More on Accountable Care

CMS innovator: New models are changing healthcare

Providers need to take action on alternative payment models and population health or fall behind.

Innovation is driving a significant amount of change in the healthcare industry, said Patrick Conway, deputy administrator for Innovation and Quality and Chief Medical Officer at the Centers for Medicare and Medicaid services.

The onus is on providers to take action or fall behind, Conway said Tuesday during a HIMSS15 discussion on the results of CMS innovation program.

"We are shifting the culture of how people think about healthcare investments, in a good way," Conway said.

According to Conway, CMS programs that focus on alternative payment models such as accountable care organizations, which currently serve eight million people, and population health, are moving a fragmented system tied to fee-for-service into a future in which costs are controlled and care is improved.

"We're trying to use a number of levers to get there," Conway said. These include programs such as meaningful use and the Medicare Shared Savings accountable care model.

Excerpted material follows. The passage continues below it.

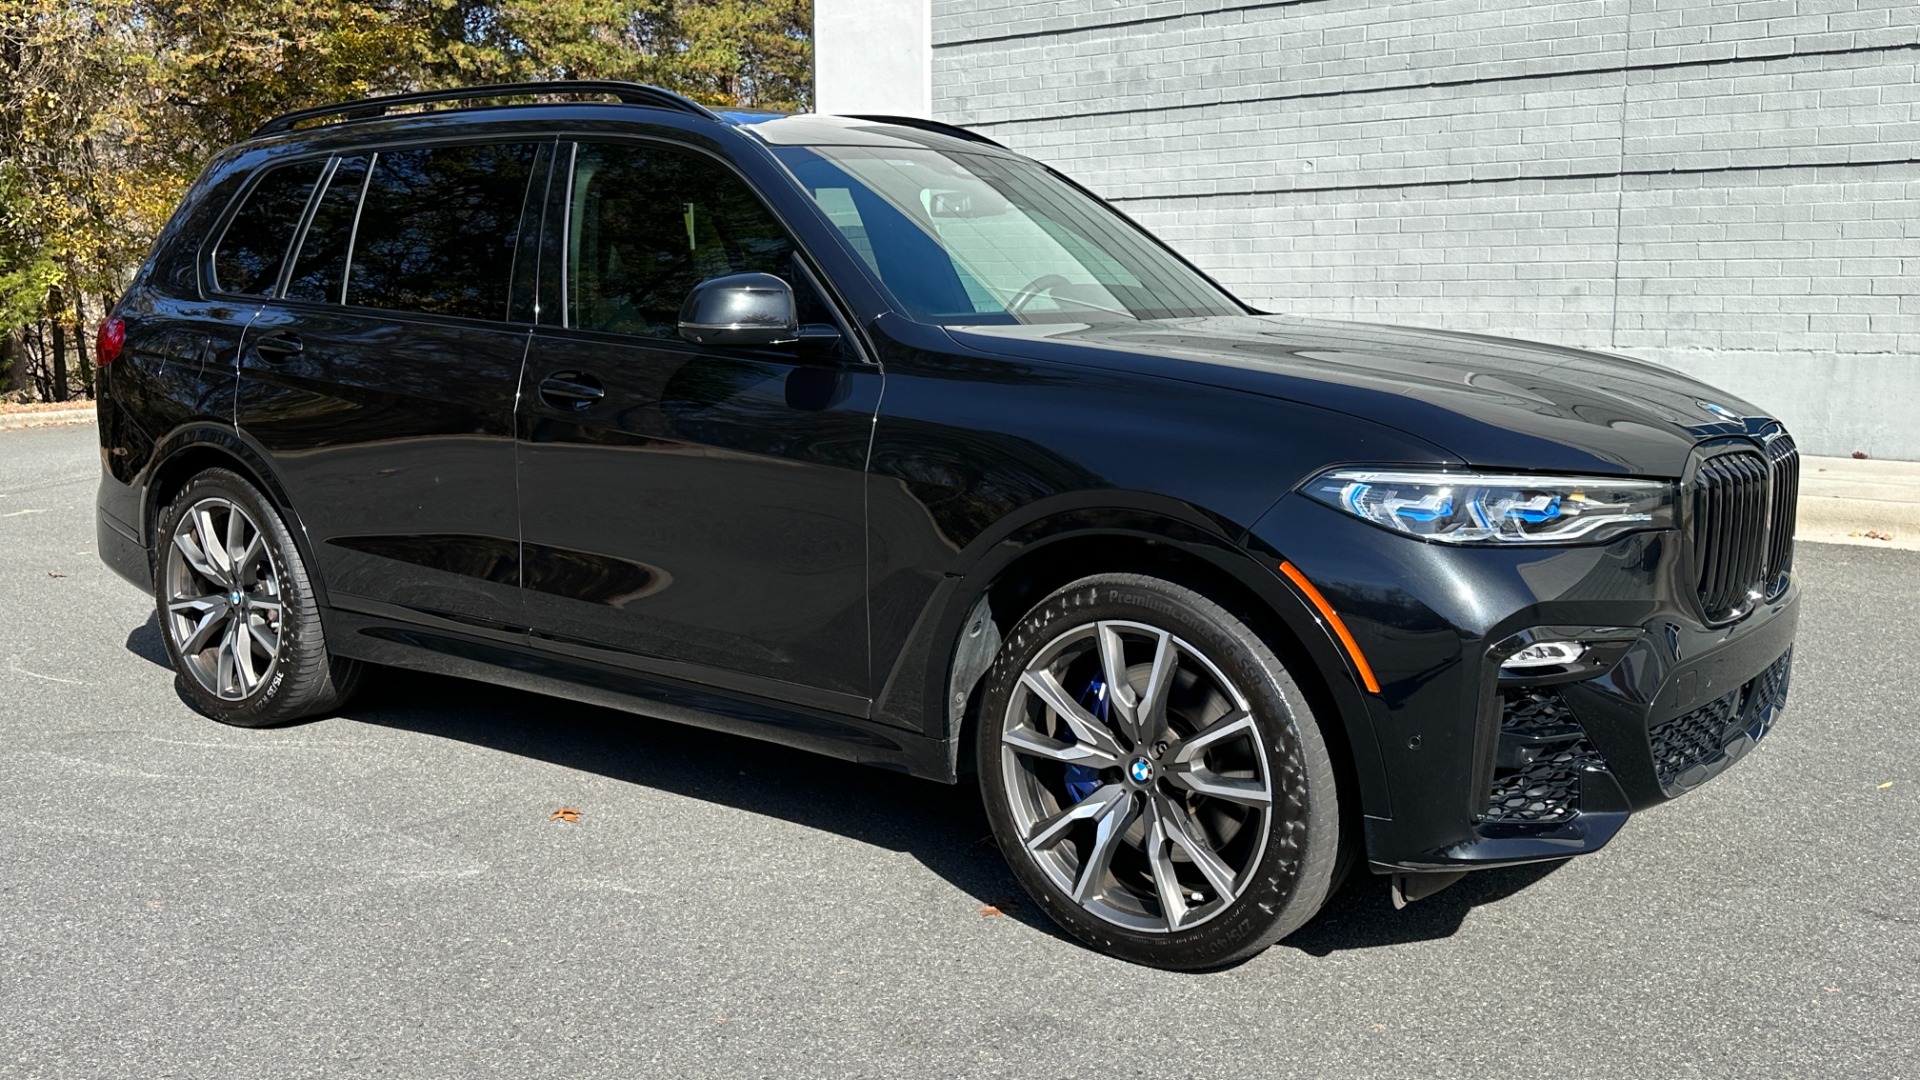 Used 2020 BMW X7 M50i / LOADED / DYNAMIC HANDLING PKG / EXECUTIVE / LUXURY SEATING PKG / MOR for sale $57,995 at Formula Imports in Charlotte NC 28227 2
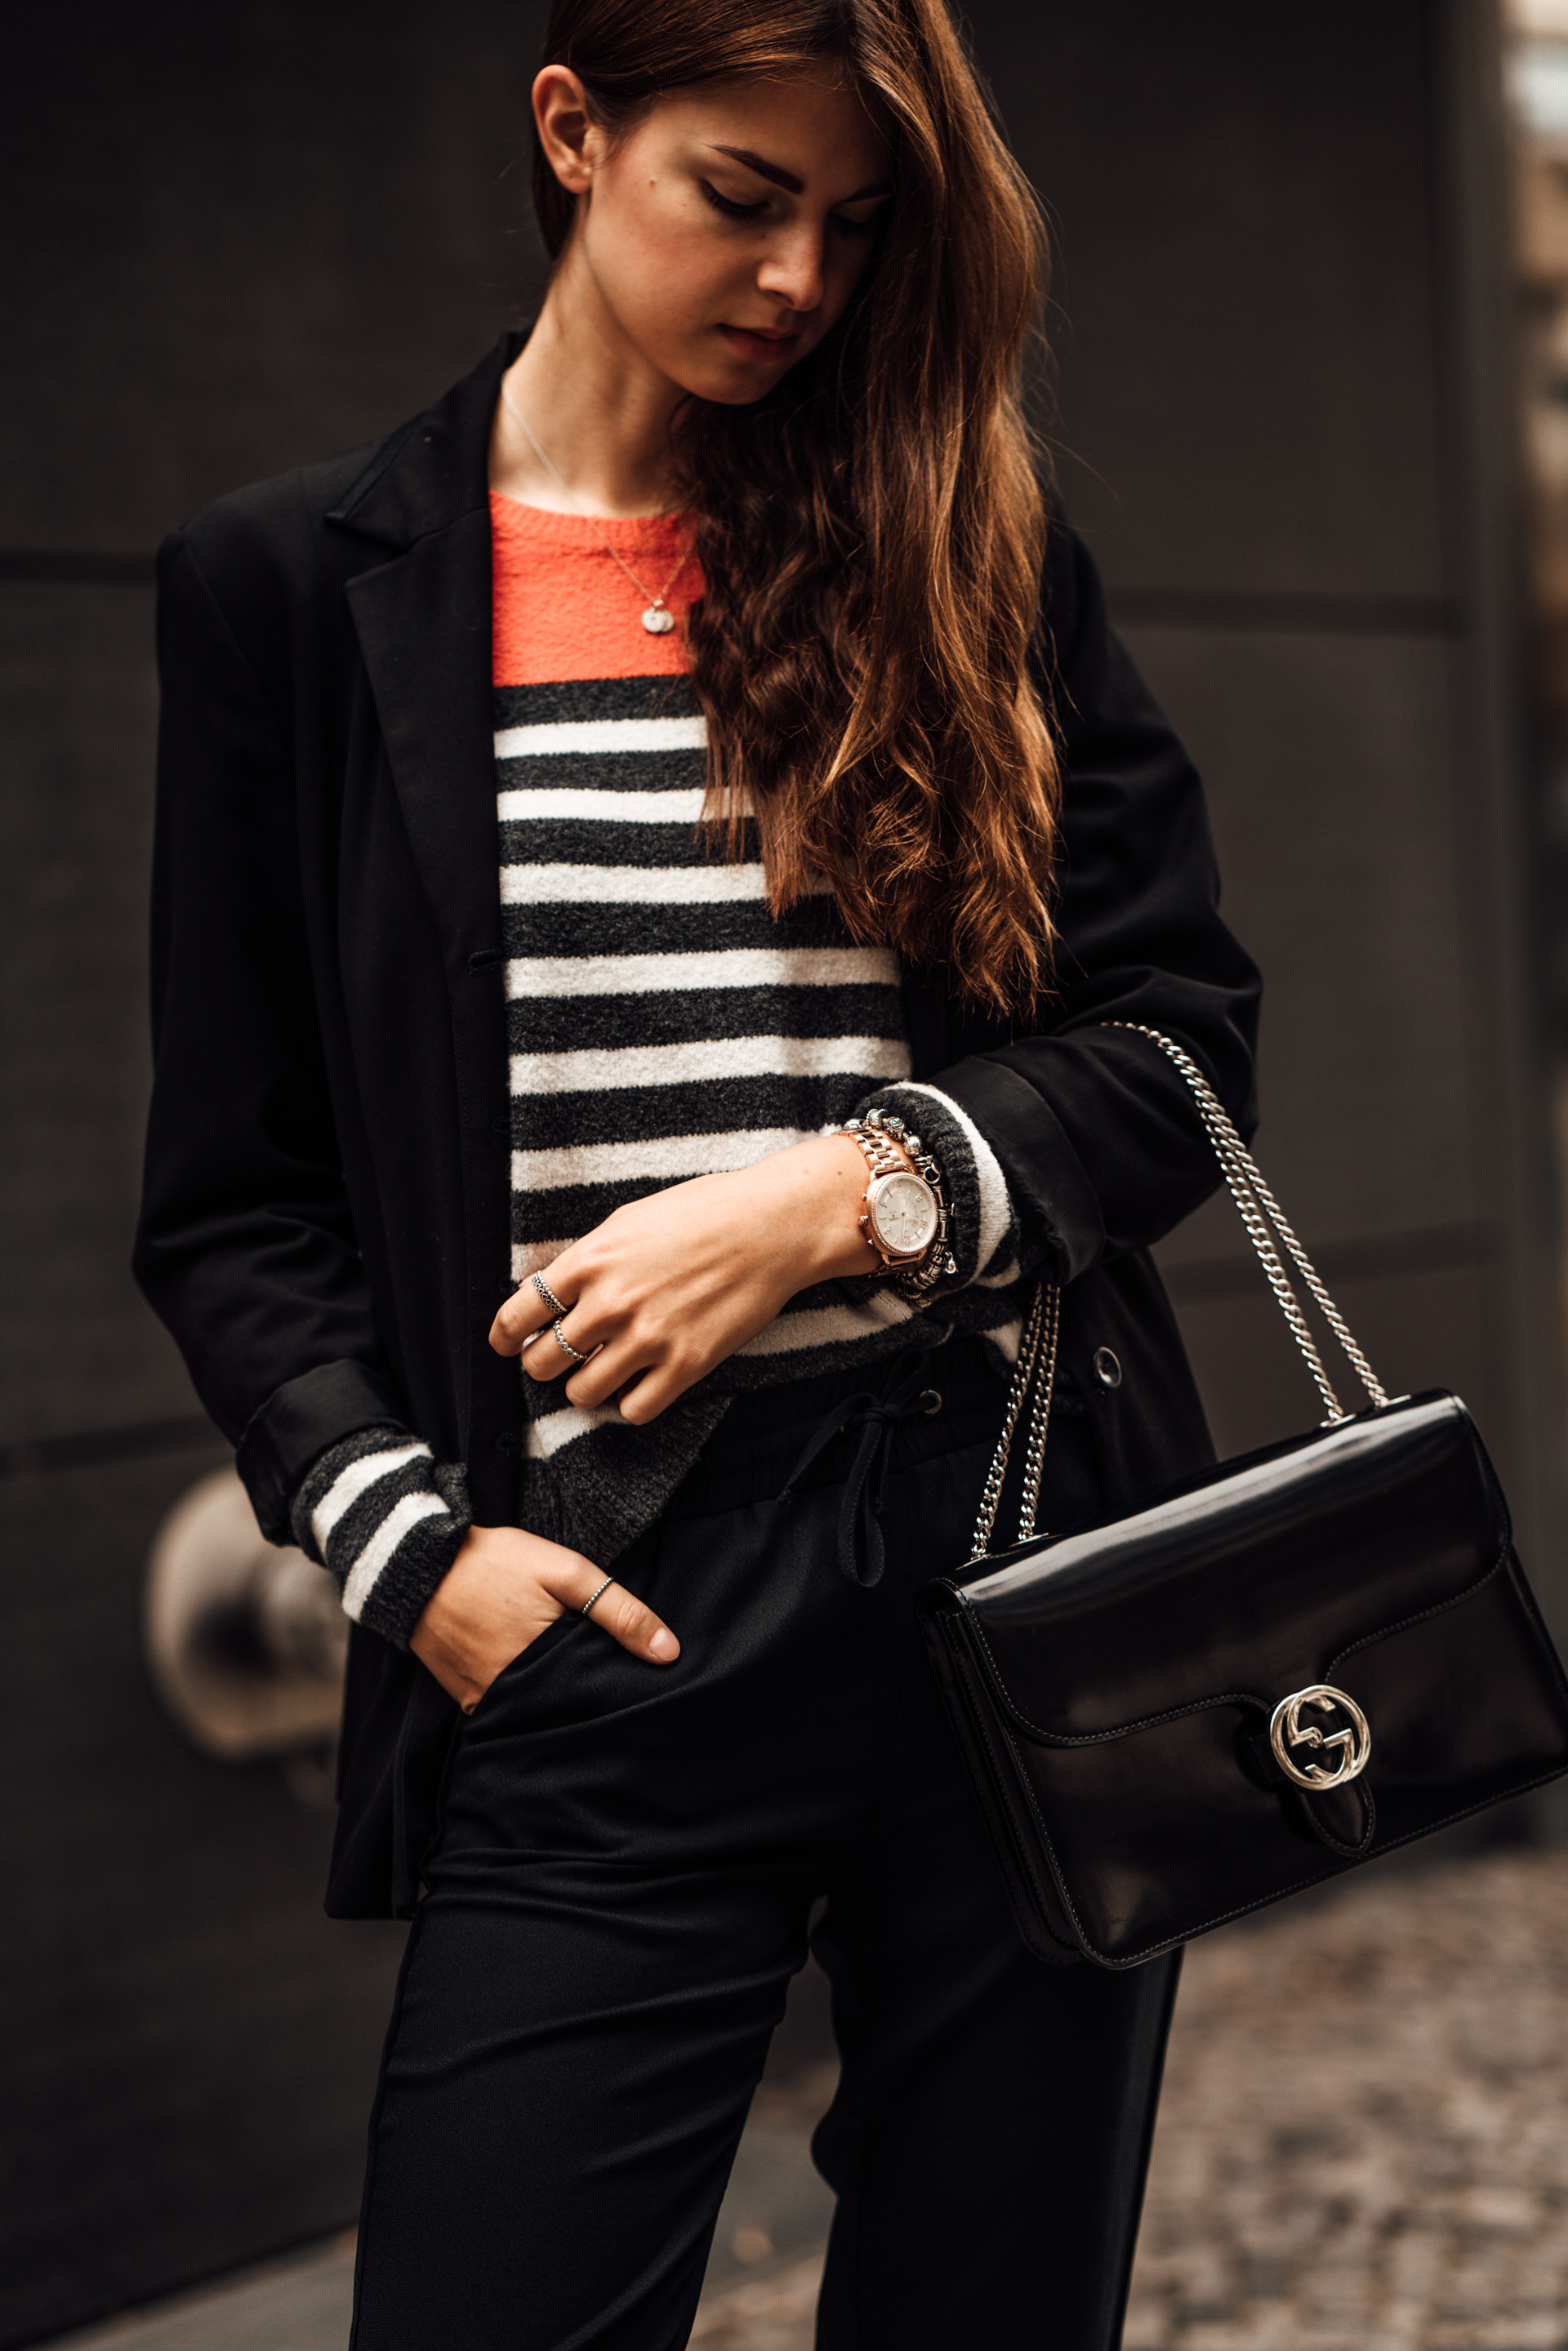 How to wear casual chic: striped sweater and black blazer

For example, Conway said the Pioneer ACO model realized more that $384 million in savings in the second year, while comprehensive primary care initiatives are leading physician practices to operate in new ways.

Even safety measures dictated by CMS have seen good results, Conway said. The industry has seen a 17-percent reduction in patient harm events from 2010 to 2013, saving $12 billion.

Other innovation is happening at the state level too. In Minnesota, providers are making major investments in community health by setting up accountable health communities, something Conway said is leading the CMS to think about community-level ACO models.

Meanwhile, Maryland is having a lot of success in testing population-based payments for hospitals, he said, and other states are interested in following them.

"In the next five years they're going to have more than 80 percent of their payments to hospitals be population-based payments," he said. "That means the way they are financially successful is they keep people healthy and out of the hospital."

CMS has already said it wants to ramp up the percentage of payments that are value-based over the next few years. Specifically, it wants 50-percent of Medicare payments tied to value by 2018.

Ultimately, all providers should be chasing the kind of innovation CMS is testing, either by engaging in accountable care, investing in quality infrastructure, focusing on data and performance transparency and pursuing improved health outcomes.

"If we find better ways to deliver care, pay providers and distribute info we can spend our dollars more wisely and have healthier communities, a healthier economy and a healthier country," he said.